Preeclampsia is estimated to impact 5–7 % of pregnancies worldwide [1] and is a major cause of complications for pregnant individuals and their infants [2], [3]. Due to the potentially severe and/or fatal sequelae of unrecognized preeclampsia, patients with signs or symptoms (s/s) suggestive of preeclampsia often warrant intensive monitoring. Evaluation and surveillance for suspected preeclampsia imposes a financial burden on the healthcare system [4], [5], and may impart emotional and financial stress on pregnant individuals and their family [6].

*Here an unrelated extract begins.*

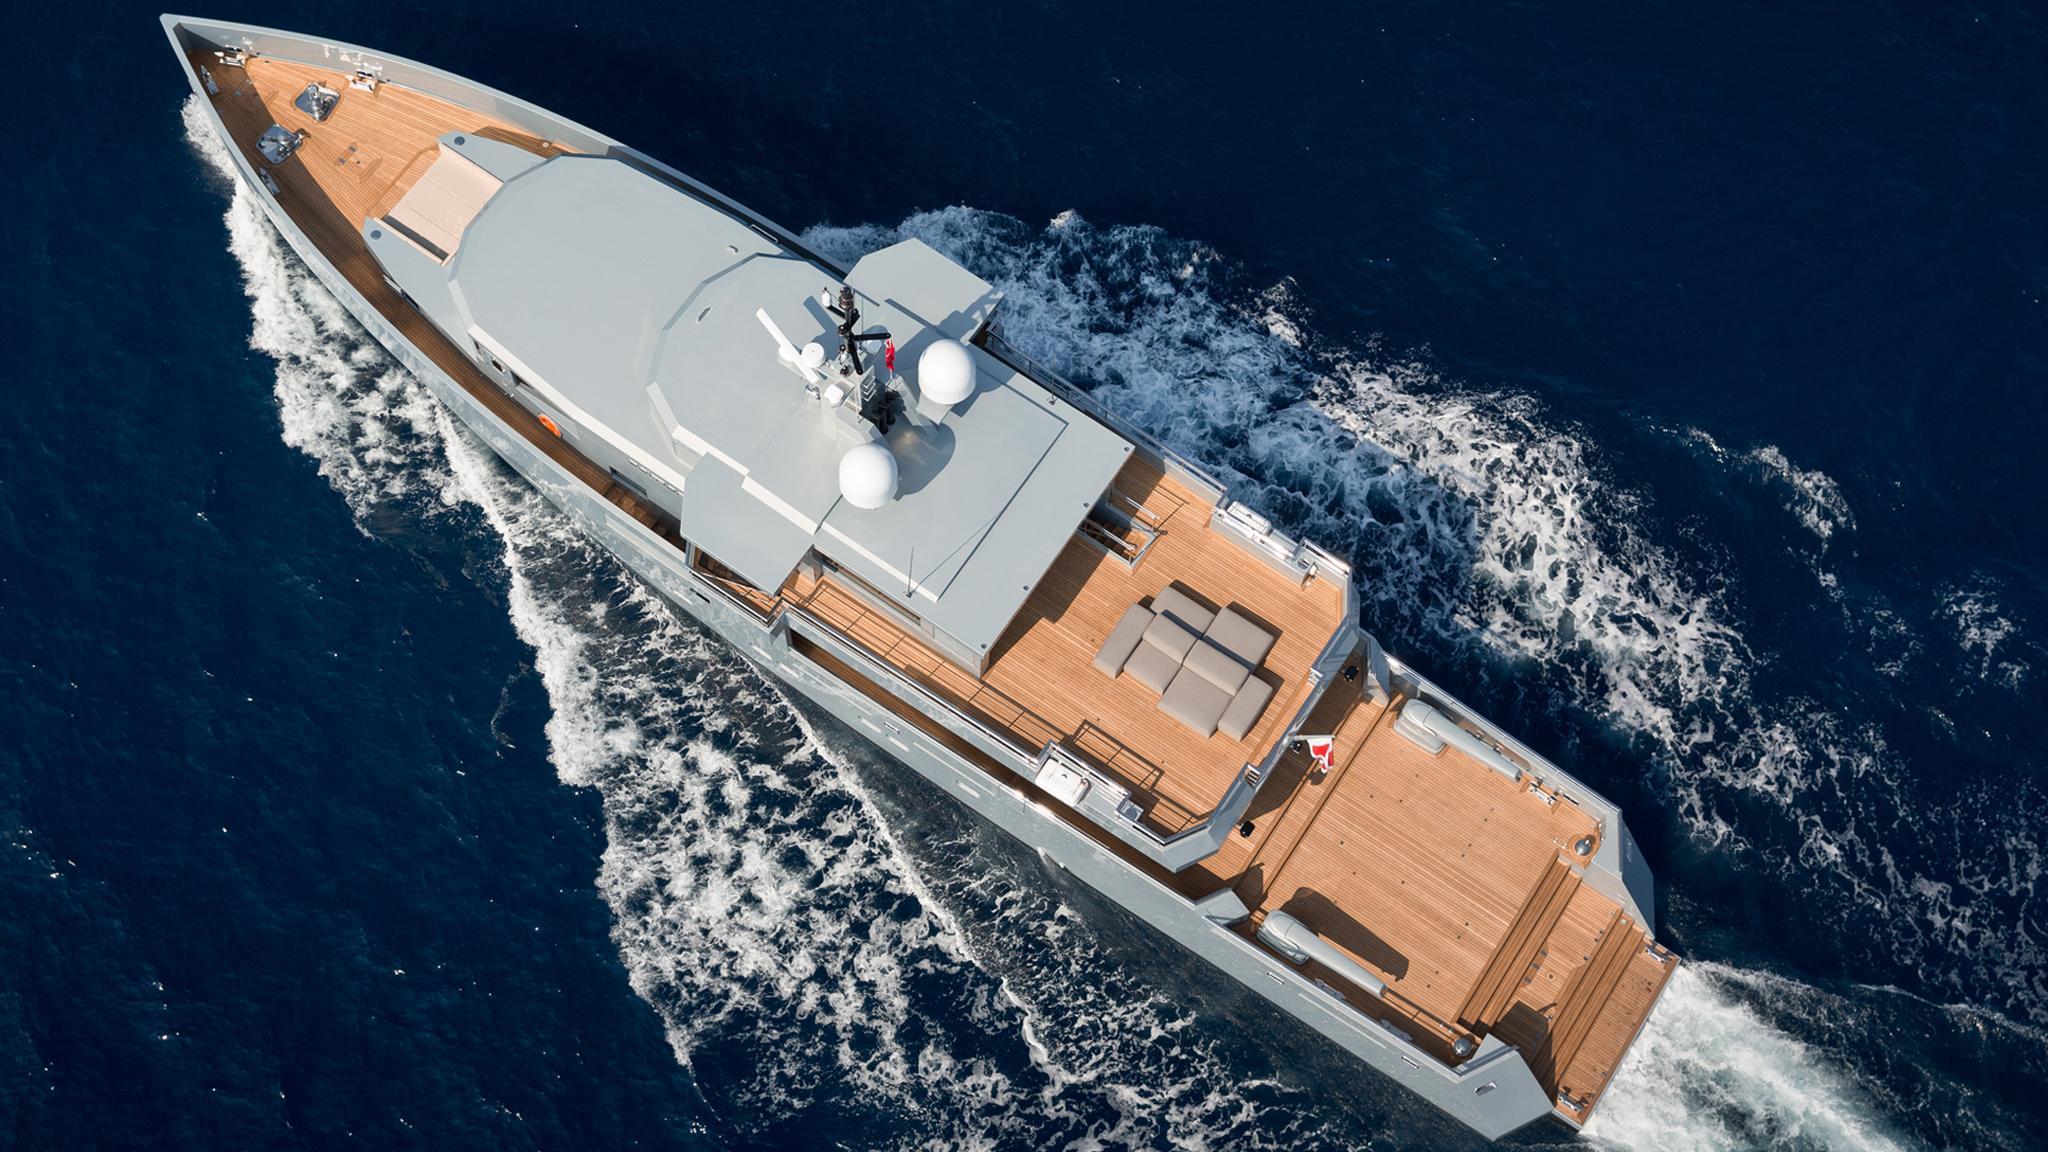 so-mar-motor-yacht-tansu-2014-38m-aerial-cruising

Preeclampsia diagnosis is based on evidence of common and non-specific indicators, including hypertension, proteinuria, new-onset cerebral or visual symptoms, impaired liver function, and/or laboratory abnormalities [7], [8], [9]. Diagnostic revisions for preeclampsia over the past decade have increased the reported prevalence of the disease [10]. The systemic symptoms included in the diagnostic criteria may also occur with comorbidities, e.g., hypertension, diabetes, renal disease, and obesity [11]. As the prevalence of these comorbidities is rising in parallel with preeclampsia [4], [12], [13], it is difficult to identify which patients with s/s of suspected preeclampsia will develop the disease based on existing criteria.

In previous studies, 15–26 % of patiens with gestational hypertension ultimately developed preeclampsia [14], [15], suggesting a role for regular blood pressure monitoring during pregnancy [16]. In general, the prevalence of the s/s of suspected preeclampsia, or the costs and outcomes among women with suspected disease who do not ultimately develop preeclampsia, is poorly described. Although preeclampsia diagnostic strategies incorporating angiogenic biomarkers have shown promise in international trials [17], [18], [19], [20], and are incorporated into the definition of preeclampsia in the latest International Society for the Study of Hypertension (ISSHP) guidelines [21], in the US a preeclampsia diagnosis relies on non-specific clinical criteria that contribute to difficulty in risk stratification.

Our purpose was to investigate the prevalence, outcome, clinical characteristics, and healthcare costs of patients with s/s of suspected preeclampsia and/or a preeclampsia diagnosis versus those without s/s, or a diagnosis. Secondary objectives were to stratify findings by race, geographic location, and payer type to identify which patient groups might benefit most from improved preeclampsia risk assessments.